A statement issued by the prince's Kingdom Holding Company, in Riyadh, Saudi Arabia, noted that "salacious allegations involving an alleged encounter between HRH Prince Alwaleed and a woman in Ibiza" had been made.

"These allegations are completely and utterly false," the company said. "The alleged encounter simply never happened. Indeed, the events could not have happened. Not only was Prince Alwaleed not in Ibiza at any time in 2008 but has not been in Ibiza for over a decade.

"Further, HRH Prince Alwaleed's yacht, Kingdom 5KR, was not in Ibiza in 2008 nor has Prince Alwaleed ever charted a yacht in Ibiza. He was nowhere near Ibiza when the alleged events took place.

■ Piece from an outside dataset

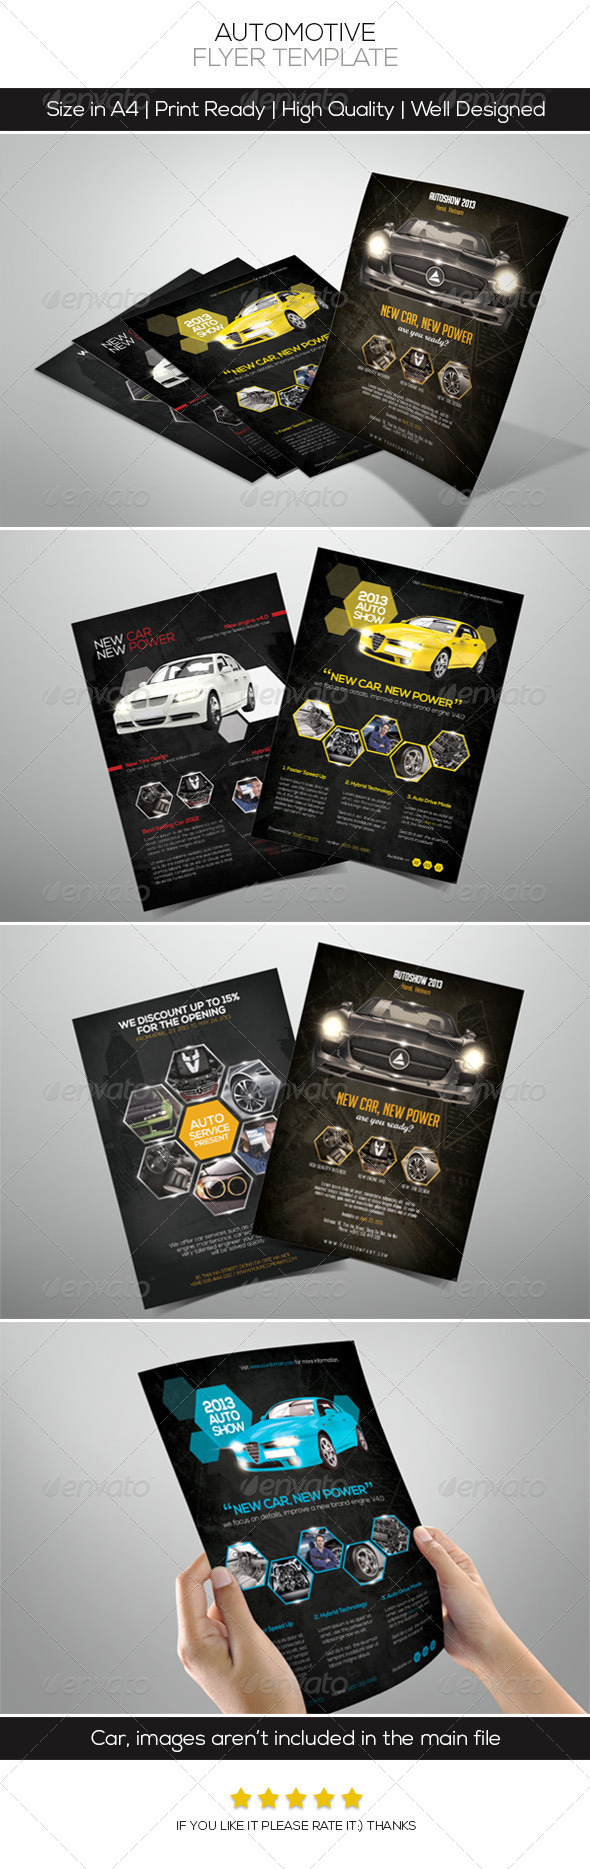 GraphicRiver Premium Automotive Flyers 4634727
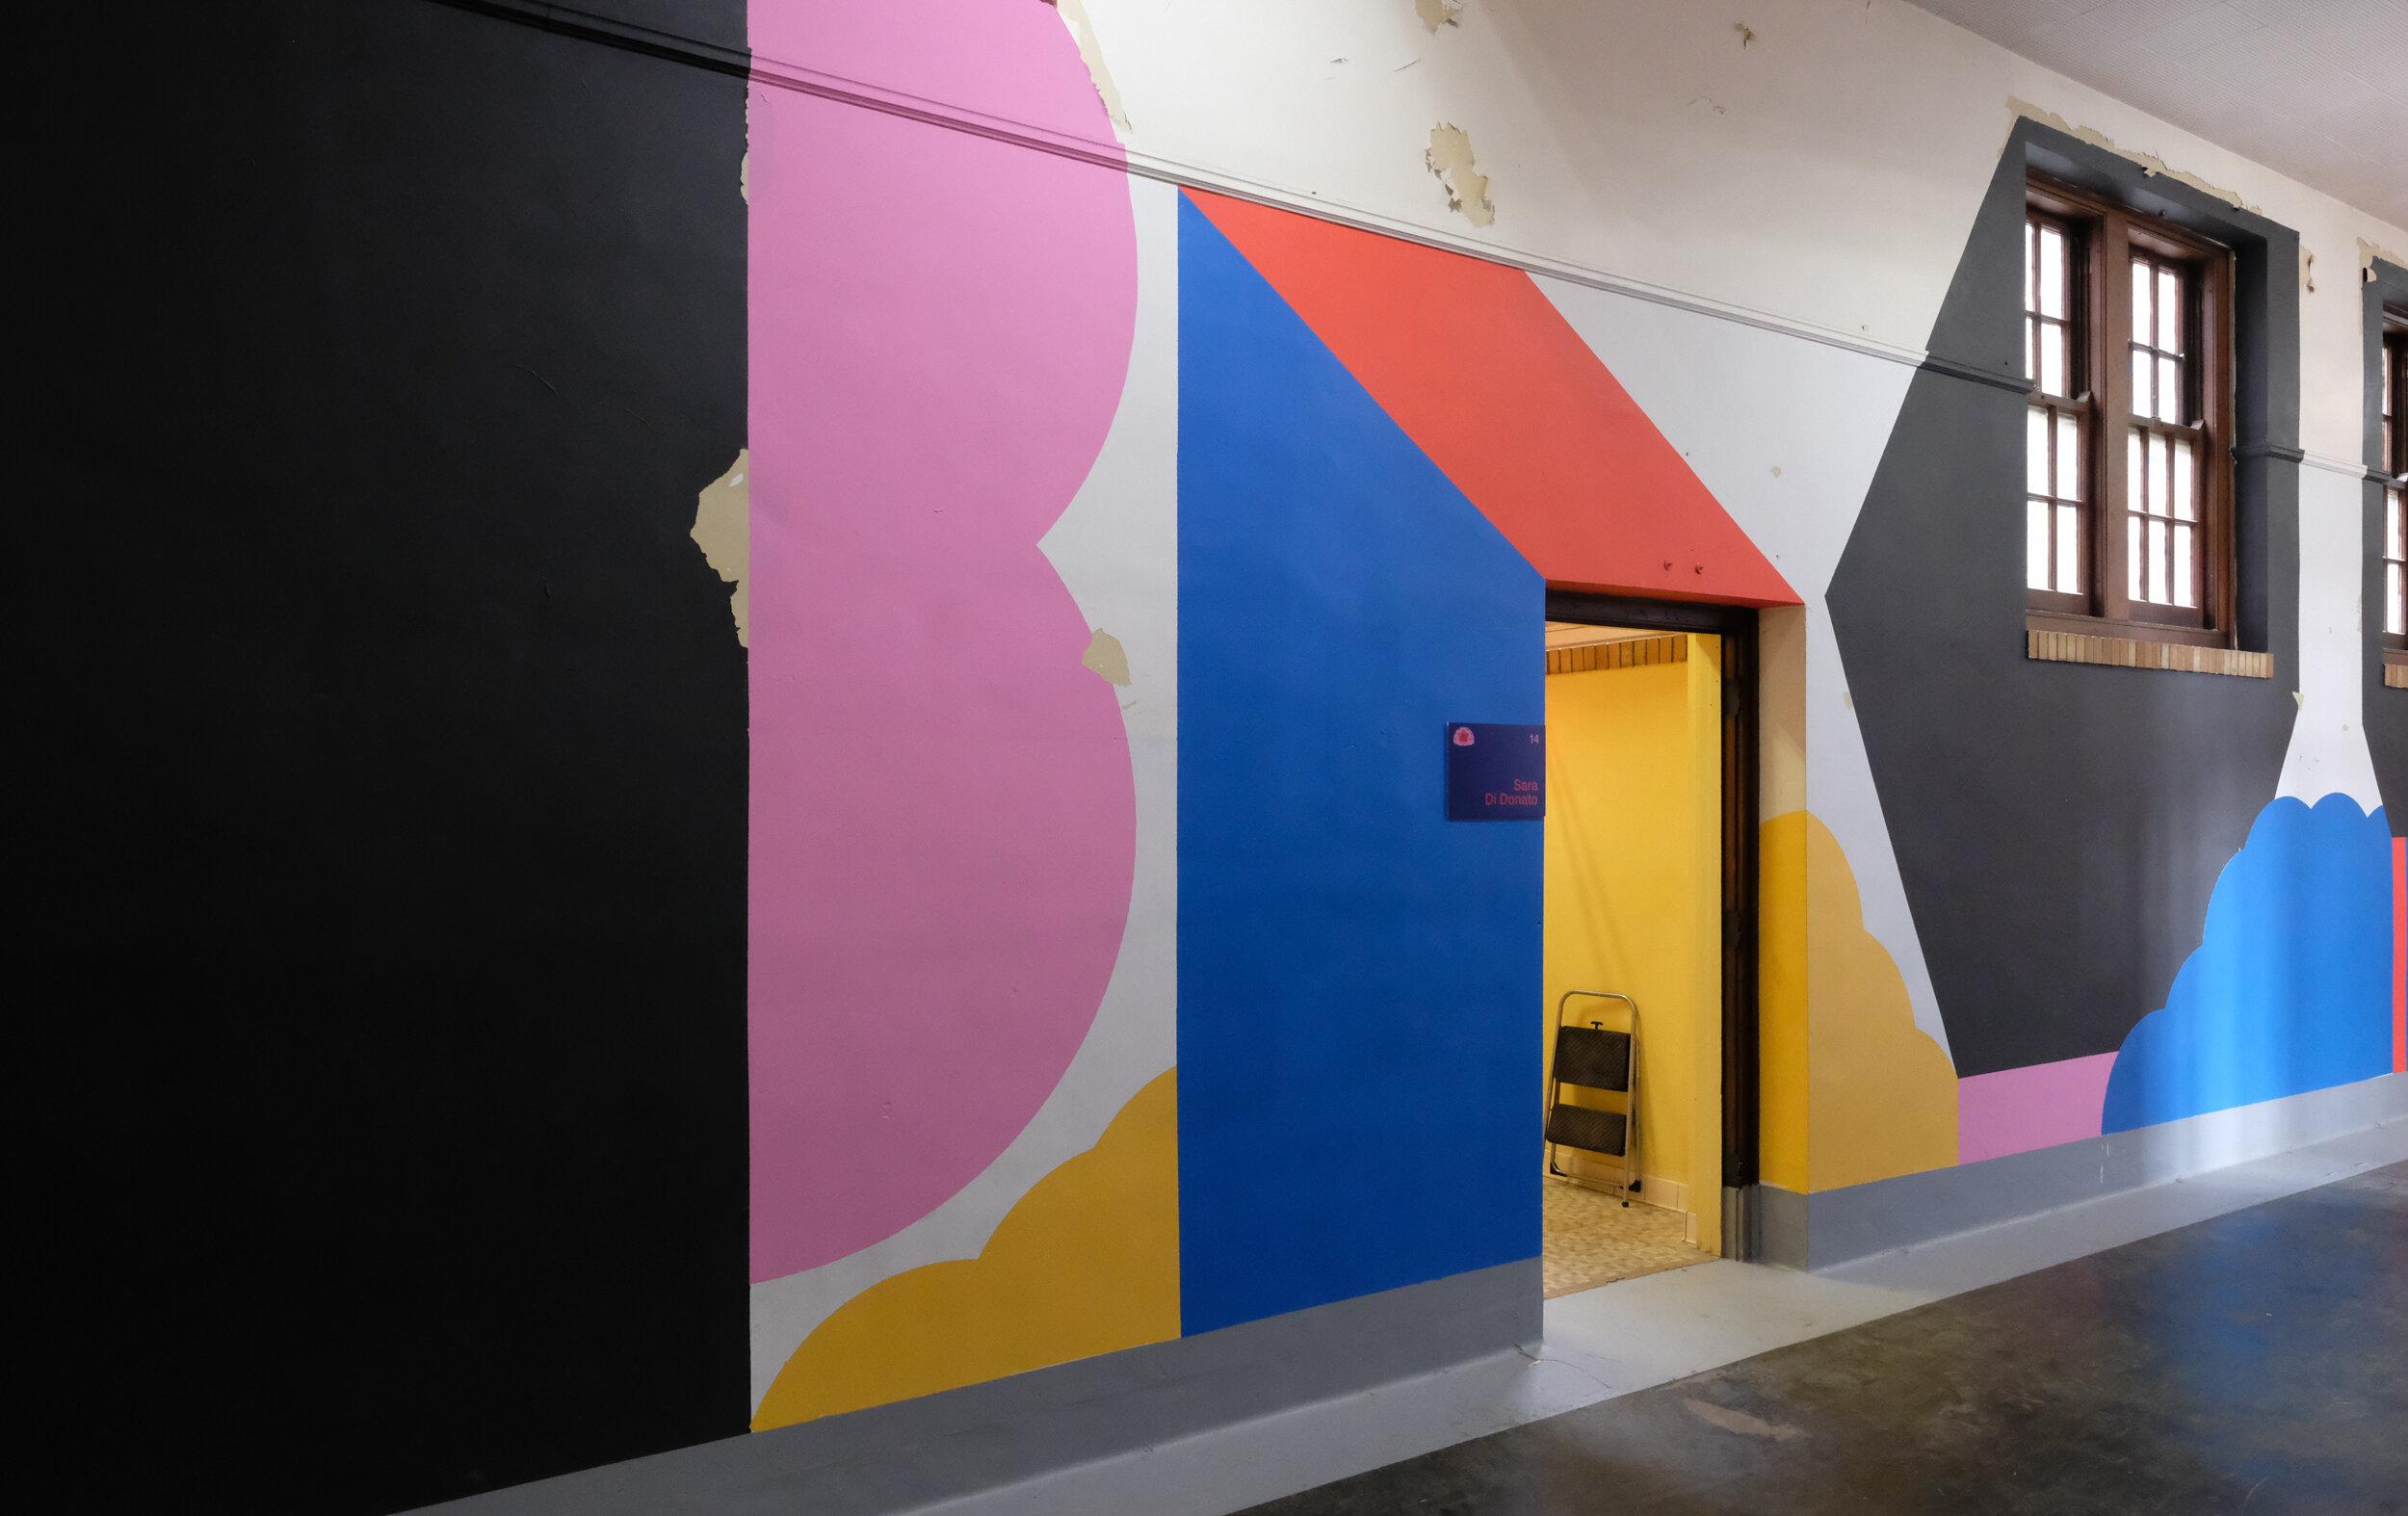 Montague-wallpainting.jpg

As relevant travel records and itinerary confirm, he was in the presence of dozens of people at that time, including his family, and not in Spain.

It added that the prince had first heard of the allegation this week and that neither he nor his lawyers were informed of the complaint either in 2008 when it first surfaced nor in 2010 when the investigation was halted.

As well as owning a large share of News Corp, the prince is the largest individual stakeholder in Citigroup and, according to Forbes, he is the world's 26th wealthiest man with a fortune of $19.4 billion (£12.3bn).